"Sono stati anni fantastici e ricchi di soddisfazioni, purtroppo i tempi cambiano e come avete potuto vedere anche voi non riusciamo a continuare, i due forfait pesano tantissimo e rischiamo di mettere in situazioni spiacevoli gli allievi C, D, E del nostro raggruppamento come pure i nostri veterani, continuando a dare forfait per mancanza di giocatori da schierare." Con queste parole, Maurizio Niceta ha comunicato quest'oggi alla Federazione Ticinese di Calcio di volere rassegnare le dimissioni dal ruolo di presidente del FC Porza.
La squadra di terza lega sta affrontando un momento complicatissimo a livello di contingenti ed è stata costretta a dare forfait in occasione degli ultimi due incontri di campionato previsti contro Coldrerio e Taverne.

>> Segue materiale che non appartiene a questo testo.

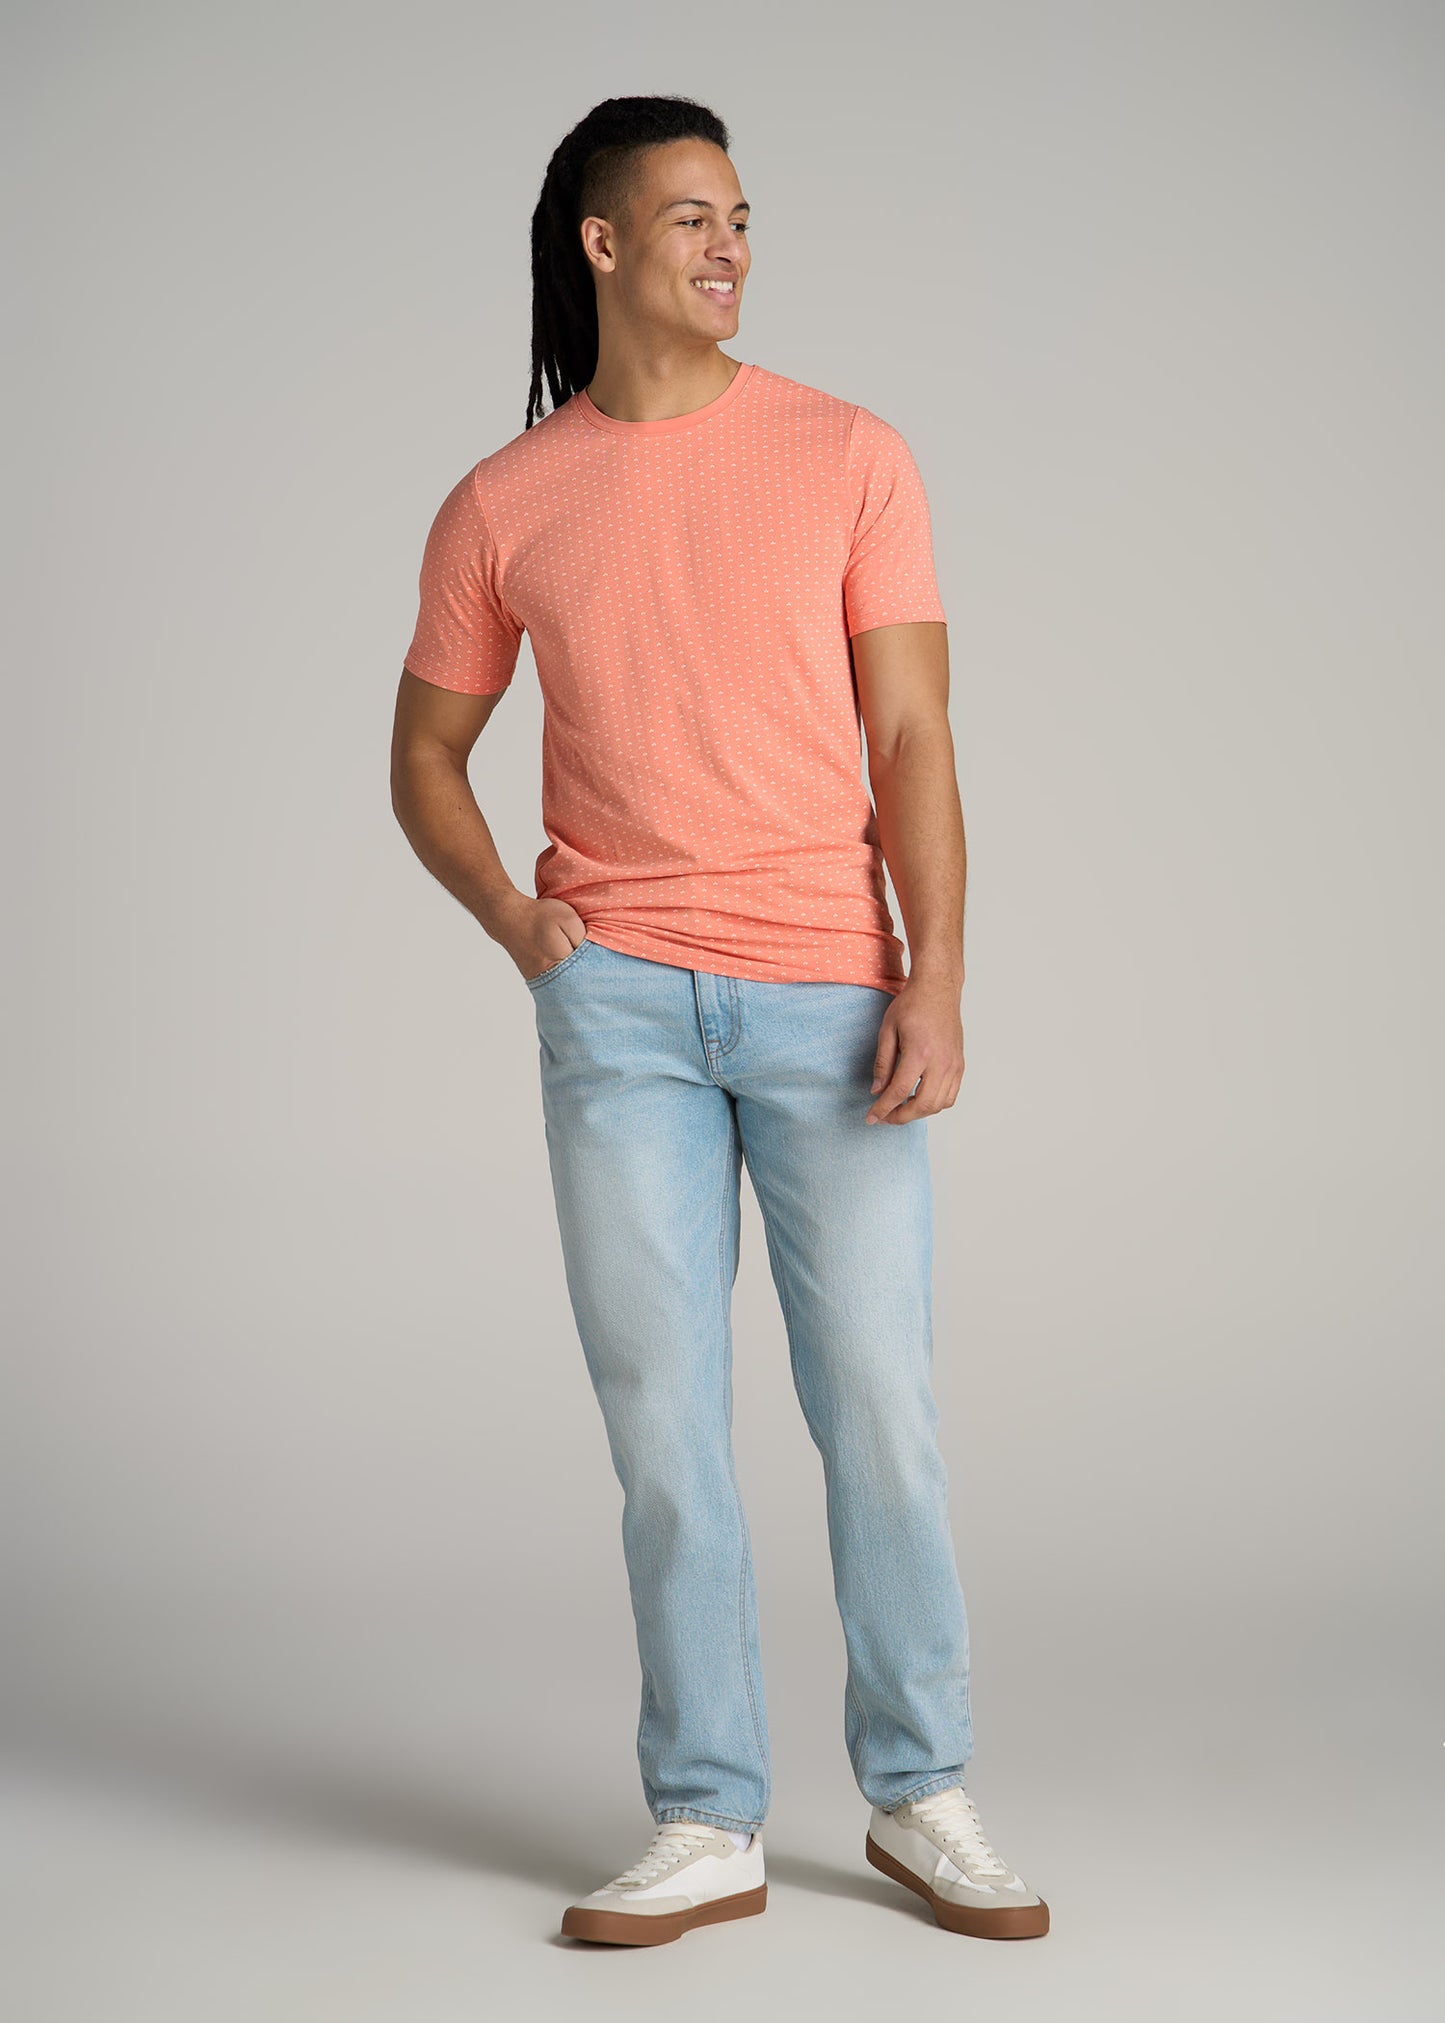 Stretch Pima Cotton Printed Tee for Tall Men in Apricot Mini Floral

Il presidente, come detto, ha preferito lasciare la sua carica, ringraziando però diverse persone: "Voglio ringraziare tutte le persone che mi hanno aiutato durante questa mia avventura, i membri di comitato, gli sponsor, i giocatori, gli allenatori, i presidenti avversari, gli arbitri e chiunque abbia versato sudore per questa società."
"Dovrei fare moltissimi nomi ma ne scelgo tre solo per motivi di spazio, questa lettera non può essere di 10 pagine: Vittorio Pucci, (...) Franco Somazzi (...) e Andrea Manzo l'allenatore che mi ha insegnato molto sul campo ma soprattutto fuori dal campo."
L'attuale allenatore del Lugano di Renzetti è rimasto nel cuore del presidente soprattutto per una sua frase: "Mauri, cerchiamo uomini prima di cercare giocatori".
"Fiero di averlo avuto a Porza - scrive allora Niceta - due anni esageratamente fantastici e troppo fiero di vederlo vincere con il Lugano. Grazie Andrea."
Ringraziando anche Domenico Martinello, l'ex numero uno delle "pantere" comunica il nome del suo successore: "La società Porza continua il suo percorso nel calcio regionale, una cordata di veterani capitanata dall'Avvocato Max Spiess ha accettato questa sfida."